Une petite exclamation se fit entendre dans le fond. "Reg !" Sans se tourner, Amelia était certaine que ce nom avait été prononcé par la femme seule qui attendait dans l'assistance. Elle jeta un regard vers la porte et aperçut furtivement un homme d'une quarantaine d'années, qui était entré dans la salle d'audience. Elle se sentait soulagée à l'idée que la femme ne serait pas seule durant sa propre audience.

Elle vit aussi qu'un autre homme était entré. Il portait une sorte d'imper de cuir noir, et il affichait un air grave, presque méchant, sur son visage. Mais là aussi, tout comme pour Mafalda Hopkirk, Amelia n'avait pas l'impression que cet homme était aussi mauvais en soi que son apparence pouvait le laisser supposer. Elle n'aurait pas pu dire pourquoi – c'était juste une puissante intuition.

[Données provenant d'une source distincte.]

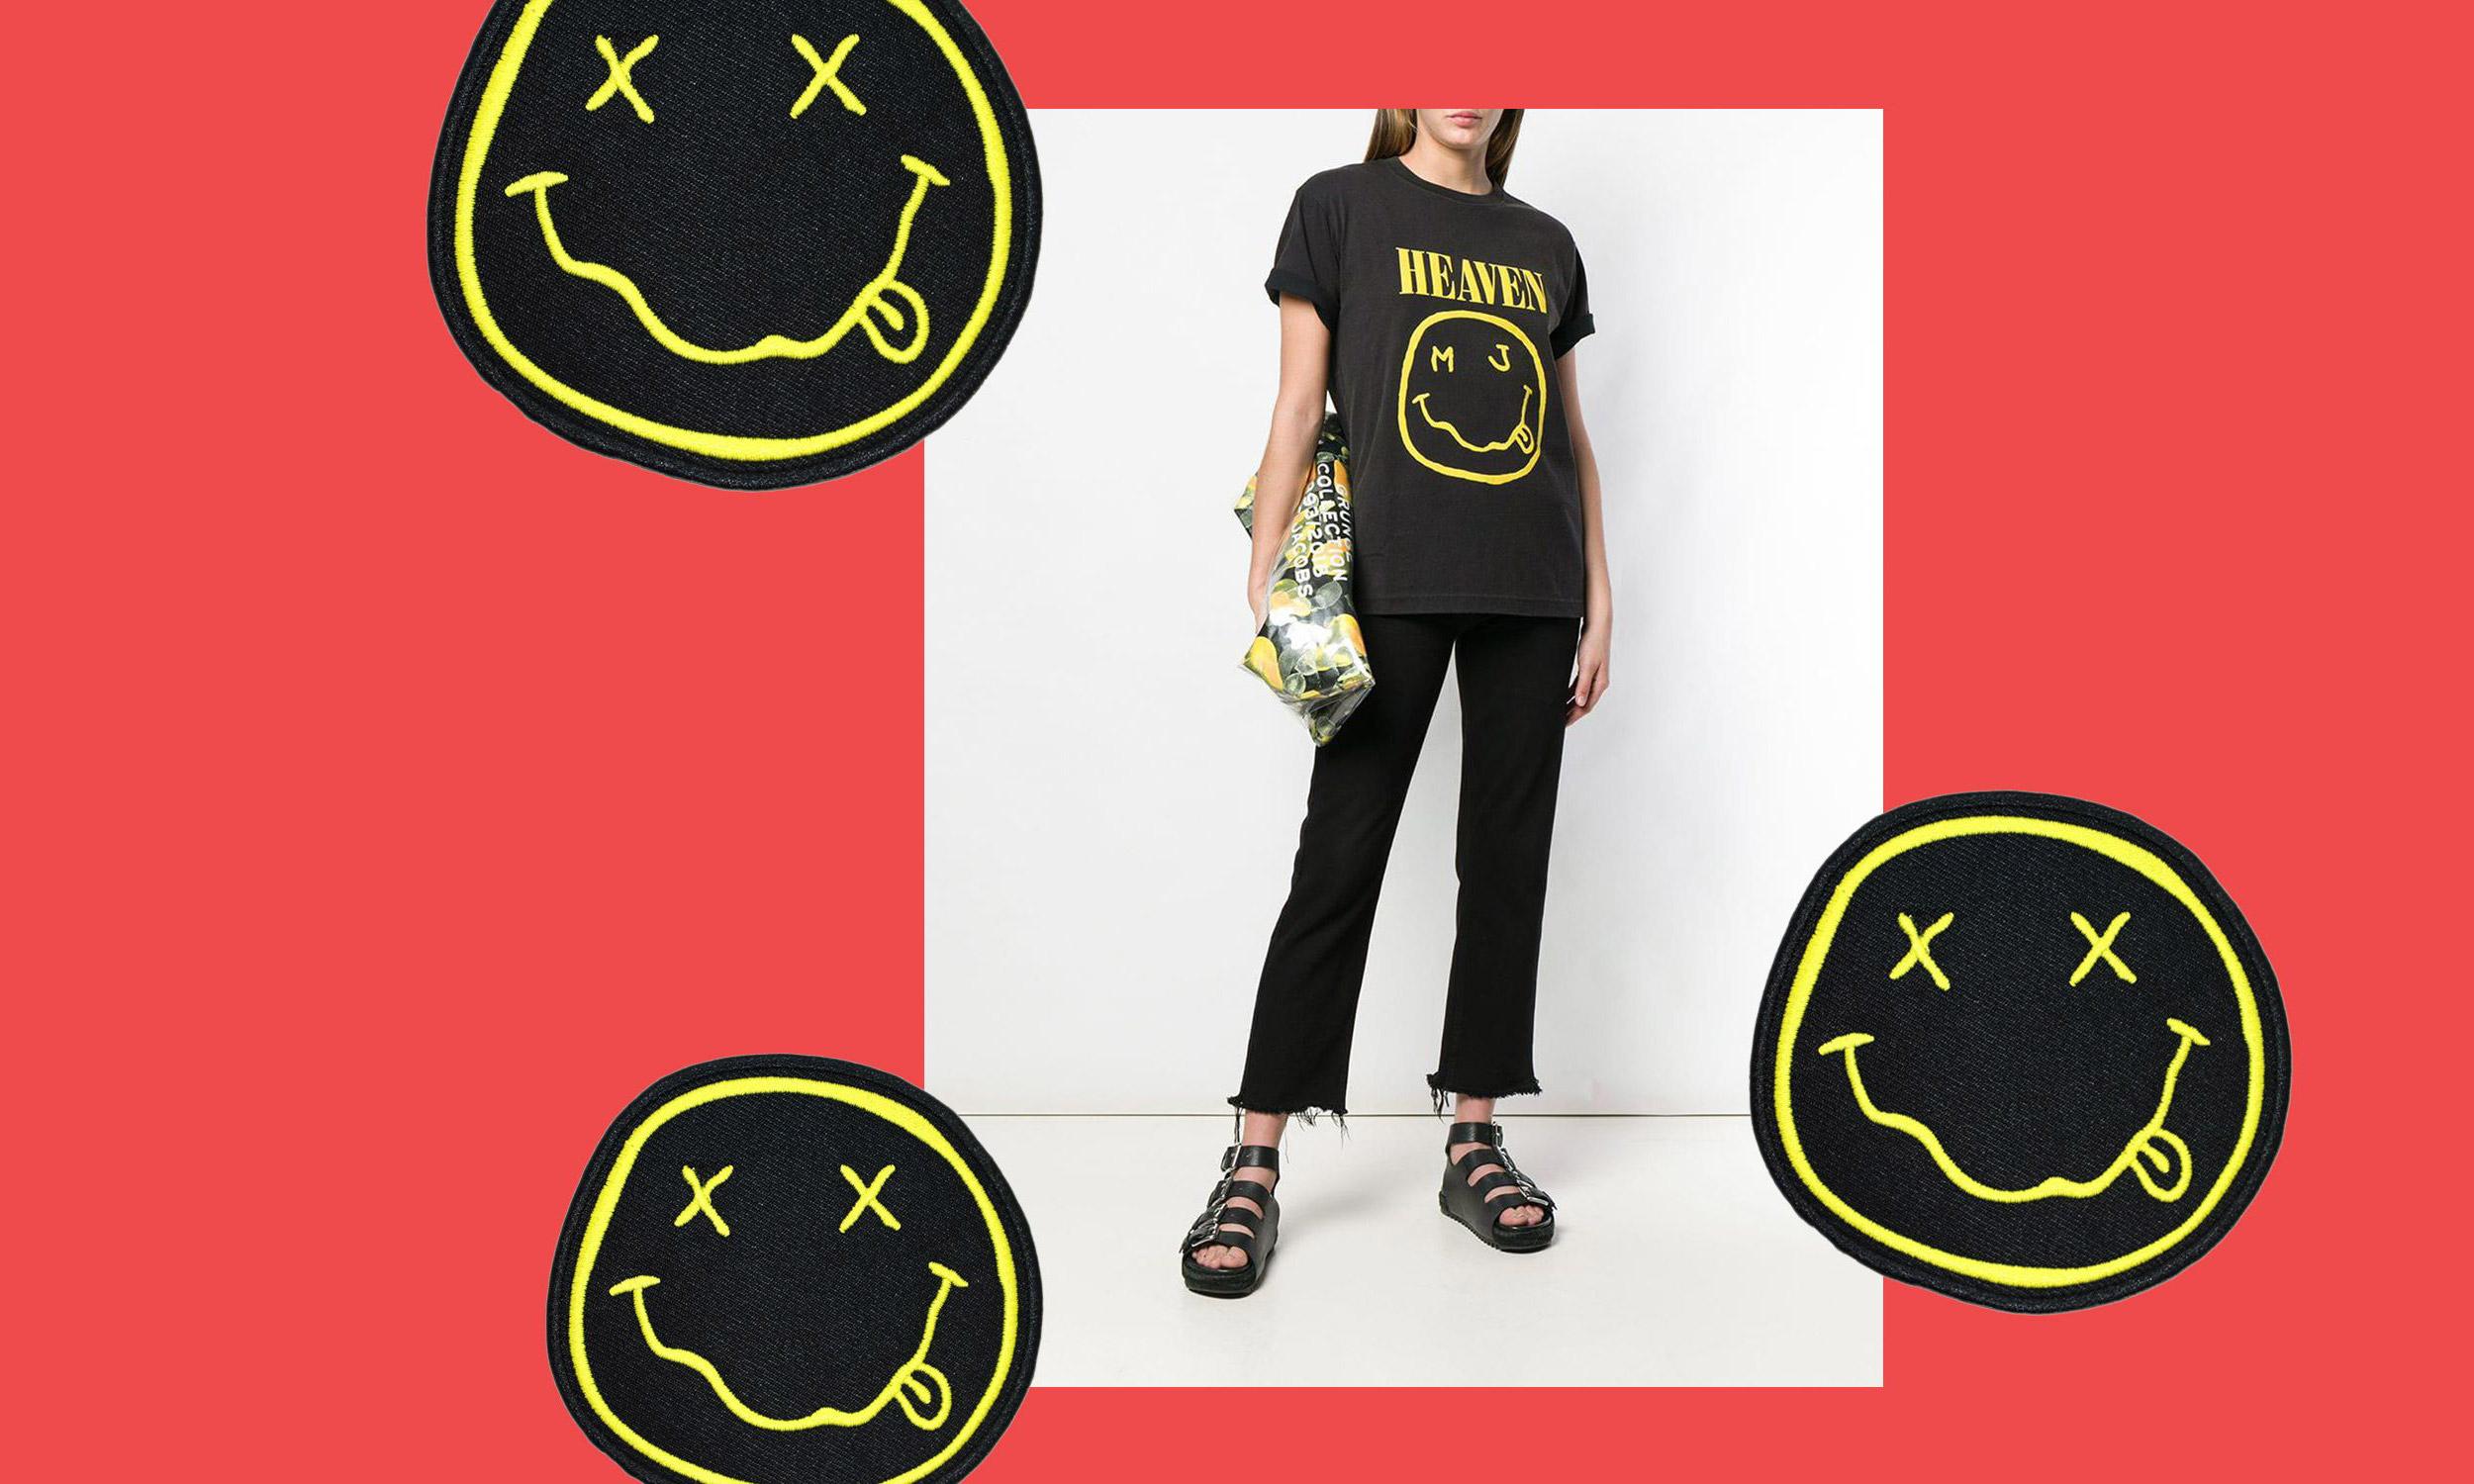 经典 logo 照搬?Nirvana 起诉 Marc Jacobs 要求停止侵权行为

"Vous mentez, Mademoiselle Davis. Les baguettes ne choisissent que des sorcières et vous... vous n'êtes pas une sorcière," fit Ombrage d'un ton très froid et détaché, où s'exprimait tout son mépris.

Amelia savait que sa cause était une cause perdue. Elle ne parviendrait jamais à convaincre cette femme. Son sort était scellé – tout comme il l'avait été lorsqu'elle avait été amenée devant Vous-Savez-Qui. Lorsqu'elle avait été donnée au Professeur comme son esclave personnelle. Elle soupira profondément. Elle jeta un regard rapide à son Maître, qui se tenait toujours debout à côté d'elle. "Maître, que va-t-il m'arriver ?" demanda-t-elle d'une voix tremblante, suppliante, presque un murmure.

Severus pressa l'épaule de la jeune femme dans un geste qui se voulait rassurant. Il percevait bien qu'elle était sur le point de paniquer et ce n'était pas le moment de s'effondrer. Pas devant quelqu'un comme Ombrage.

Entre temps, l'homme à l'imper s'était rapproché pour se tenir à la gauche d'Amelia, à un mètre d'elle environ. Elle lui jeta un coup d'oeil furtif avant de tourner son attention à nouveau vers Severus.

Ombrage avait aussi remarqué le déplacement de l'homme. Il y eut un moment de silence. Puis il s'avança, s'approchant du bureau en hauteur où était assise Ombrage. Amelia remarqua l'air férocement déterminé de l'homme. La colère se lisait clairement sur son visage.

Severus avait aussi remarqué que quelque chose se tramait. Il y avait un air familier dans l'attitude de cet homme qu'il ne parvenait pas à définir. Il ne connaissait pas grand monde au Ministère. Il n'aimait pas trop l'endroit non plus. Après tout, il était toujours considéré comme l'assassin de Dumbledore. De plus, quand il avait été plus jeune, il y avait été détenu en raison de ses activités de Mangemort. Il en avait gardé un très mauvais souvenir. Depuis lors, il avait tout fait pour éviter de remettre les pieds au Ministère. Sauf aujourd'hui. Il réalisa qu'il avait une exception pour Amelia.

Mais cet homme... Severus avait l'étrange impression qu'il l'avait déjà rencontré dans le passé, bien qu'il était certain de n'avoir jamais vu son visage auparavant. Mais pourquoi est-ce qu'il éprouvait ce sentiment devant ce type ?

Il avait sorti sa baguette, juste au cas où il aurait besoin de se défendre, lui et Amelia.

Au même moment, l'homme à l'imper fit glisser sa propre baguette de sa manche droite, ce qui poussa Ombrage à poser une question, car elle avait remarqué son geste. "Mais que diable êtes-vous en train de faire, Albert ?"

Le visage de l'homme se fit plus dur avec le ressentiment. "Vous mentez, Dolores... et on ne doit pas mentir !" gronda-t-il d'une voix qui résonna de manière familière dans la mémoire de Severus. Son étrange impression à propos de l'homme s'amplifia.

Dans la salle, on aurait pu entendre une mouche voler. Amelia et Severus remarquèrent le changement dans l'expression du visage d'Ombrage. Comme si elle avait reconnu l'homme. Ou plutôt ses paroles. Cet instant de surprise fut suffisant pour qu'agisse l'homme à l'imper.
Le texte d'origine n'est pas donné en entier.